A: We have a waiting list of schools that want us to open a Closet. The sponsorship to help us open a new Closet is $5,000 per school ($10,000 if it is a uniform-wearing school). So we’d love TPC members to be ambassadors for us, to help spread the word to people who might want to be sponsors and help us open in a new school.

Caties Closet Line-Up

We always need Closet Champions, volunteers that visit a Closet regularly to maintain the store, keep things neat, and place inventory orders with our main distribution center.

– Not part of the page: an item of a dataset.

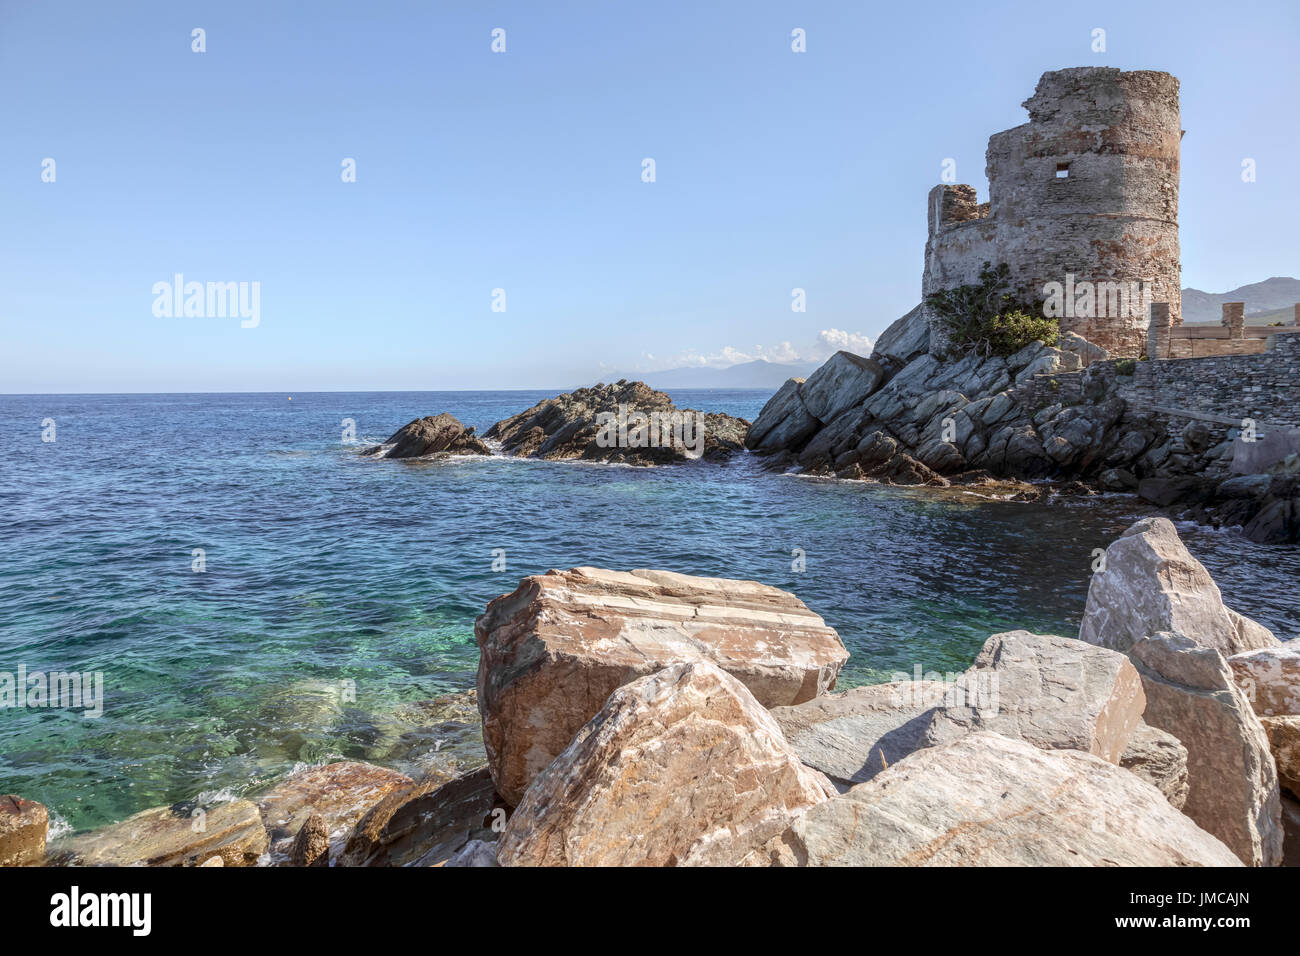 Erbalunga, Cap Corse, Corsica, France Stock Photo

Probably the easiest way for people to help is by hosting donation drives for us: We provide flyers and boxes, and we pick up the donations you’ve collected. All the host has to do is to help get the word out to their neighborhood, friends, or office about donating. It can be a drive for toiletries, clothes, shoes, or to raise money so we can purchase underwear and socks.

Of course we’ll take any volunteer who has a skill they want to share, like marketing, PR, grant-writing, whatever you can do!

To learn more about volunteering, or to find out how you can support a school Closet, contact Mickey: mickey@catiescloset.org.

To “meet” Mickey and learn about the recently opened Boston Closet, click to see press coverage by WCVB Channel 5, FOX25 News, and the Boston Globe.

 

Spotlight on TPC Member:
Lilia Wood Weisfeldt

Many TPC members consider ourselves lifelong learners – we join book and film groups, register each fall for adult education courses, and participate in the latest fitness craze at the gym. Zumbatomics, anyone? TPC member Lilia Weisfeldt endulges our quest for self-improvement – and fun – as the owner of Ballrooom in Boston, where she claims she can teach anyone to dance. Interview by TPC member Marla Felcher

lilia-wood-weisfeldt-headshot

Q: Lilia, I’m sure the question that is at the top of everyone’s mind is: How did you come to be a ballroom dancer?
A: I arrived in Boston to go to Wellesley College in 2000. The summer between my sophomore and junior year in college, I lived with my parents in Arizona. I didn’t know anyone there, and was looking for something to do, when I saw an ad for a free ballroom dance class. On a whim, I went. After that class I was on a high. I went to that studio every day that summer.

Q: What happened when you went back to school? Did you dance at Wellesley?
A: M.I.T. has a ballroom dance team that I learned Wellesley students could participate in. I worked really hard in order to make the M.I.T. team. Which I did.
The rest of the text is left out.